They were tentative at first, getting the feel for the squeeze bottles (it was the first time we used them) but soon the tray began to fill with tiny droplets of colored water. It was quite pretty.



They discovered they could make their dots bigger by putting several drops in the same place and even blend colors by using two or more colors in the same dot.


We found we could make two dots side by side that were "friends" until one inevitably got too pushy and absorbed the other. That was a very cool effect and the kids reproduced it many times.



Finally, before cleaning up, I let them get their hands back in. Ava just enjoyed the sensory experience. Michael noticed he could disturb all the big dots and make them into itty bitty tiny ones and enjoyed destroying every big dot he could find.


Cleanup was as easy and rinsing the tray out and then using dishwashing liquid to get the oil residue out of the tray so it would be ready for the next experiment.

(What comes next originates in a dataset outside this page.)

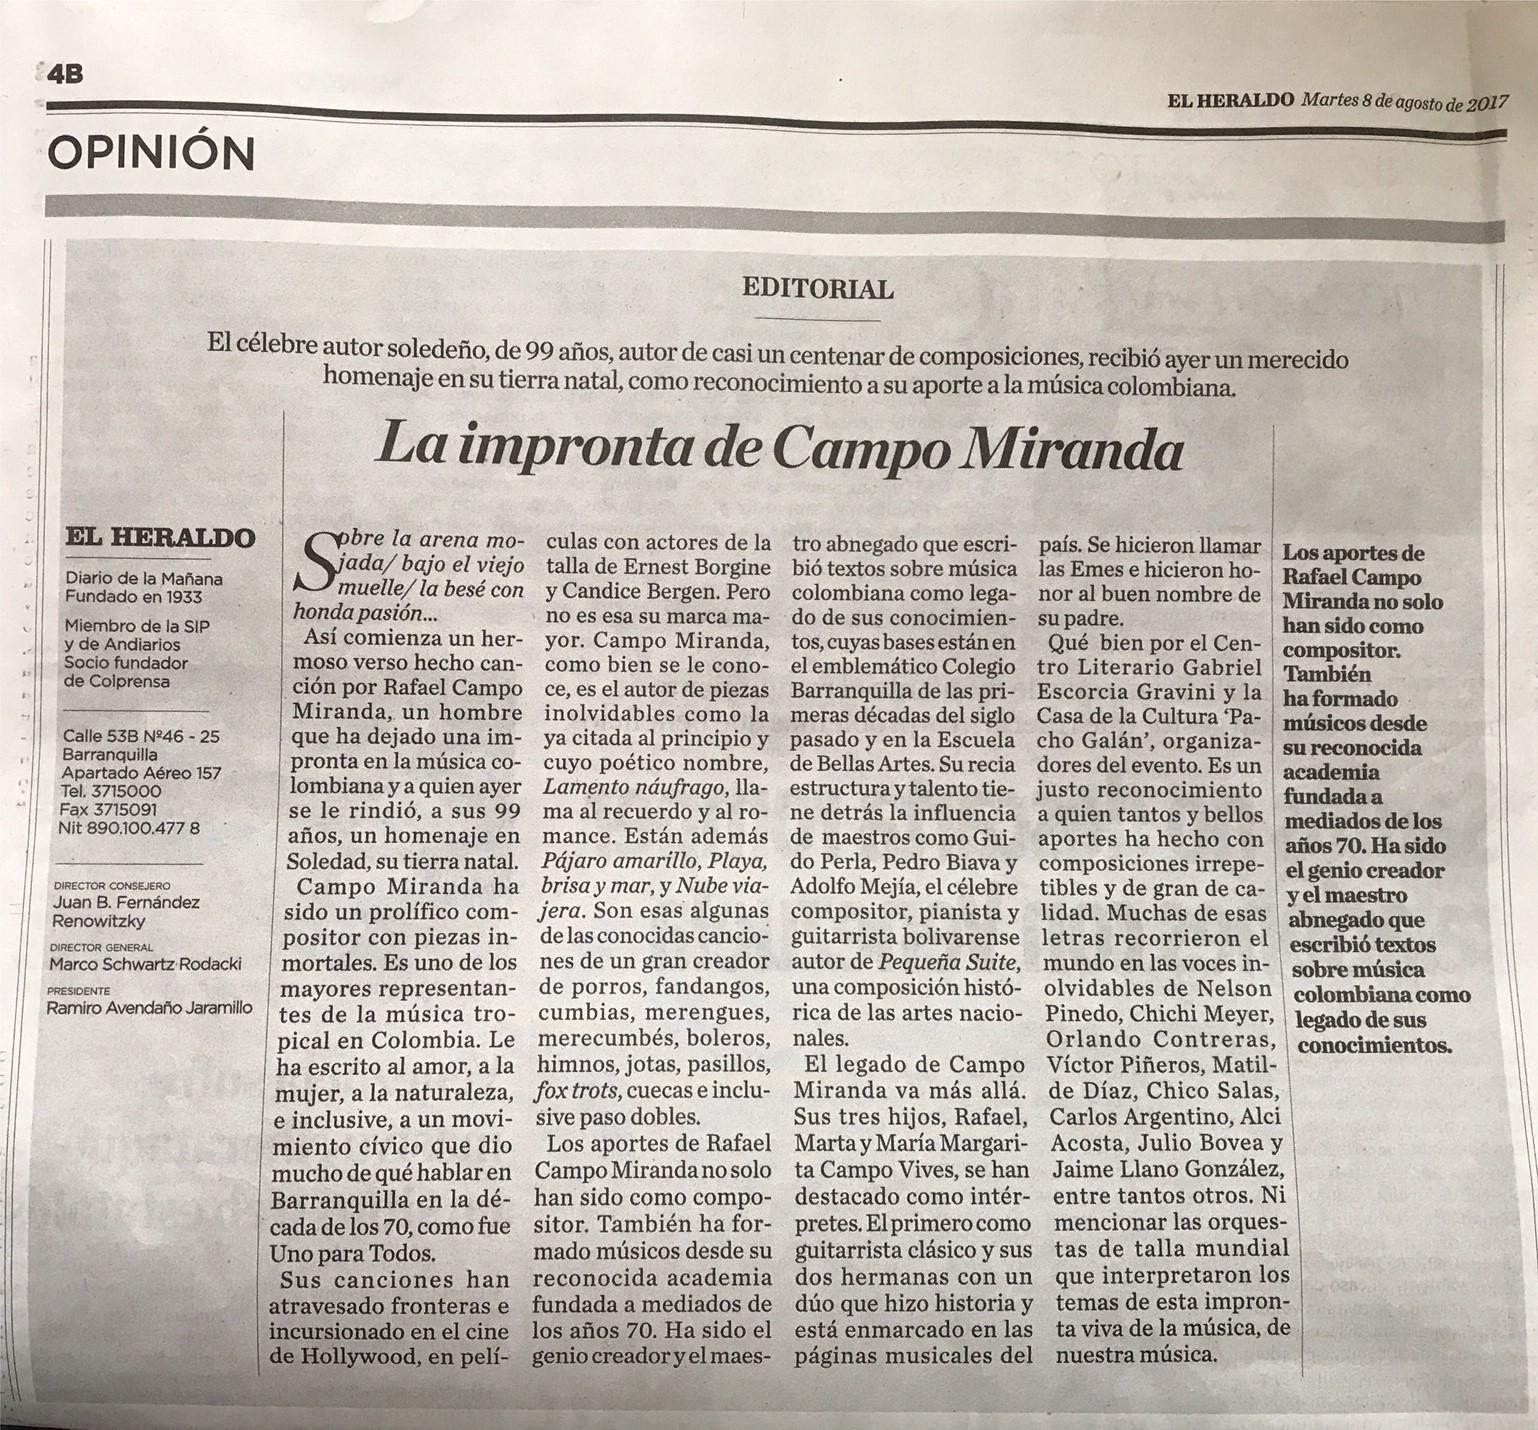 Editorial de El Heraldo, martes 8 de Agosto de 2017 - Barranquilla / Colombia.

Wednesday, November 2, 2011

Light Table Fingerpainting and Prints

In honor of all the people stopping by from ohdeedoh.com to check out how we made our homemade light boxes, I'm doing a post about another activity we did on our boxes.

Light Table Fingerpainting and Prints


Our light boxes are made from plastic storage bins, so we can get messy on them without worrying about damaging them at all so we didn't need to start by protecting the table. I began by filling an ice cube tray with blue, yellow, red liquid tempera paints. Then we mixed green, purple, and orange as well. At that point I sat back and watched the kids explore finger painting on the light boxes. They began conservatively with one finger and small dots and smears. They worked up to multi-finger rainbows and two-handed smearing of the entire surface.




Then, to continue their interest in the project I taught them how to make prints by pressing pieces of white tagboard onto the light table and then peeling them back up. They loved it. They explored different color combinations and patterns and compared the results before deciding on their next experiment.




We didn't stop until we ran out of time and the kitchen was pretty much a disaster. However, as messy as it looked, the paint rinsed right off of the lids of the bins and out of the ice cube tray in about 5 minutes. Then I let everything dry and picked it all up at once. So the cleanup didn't take long at all.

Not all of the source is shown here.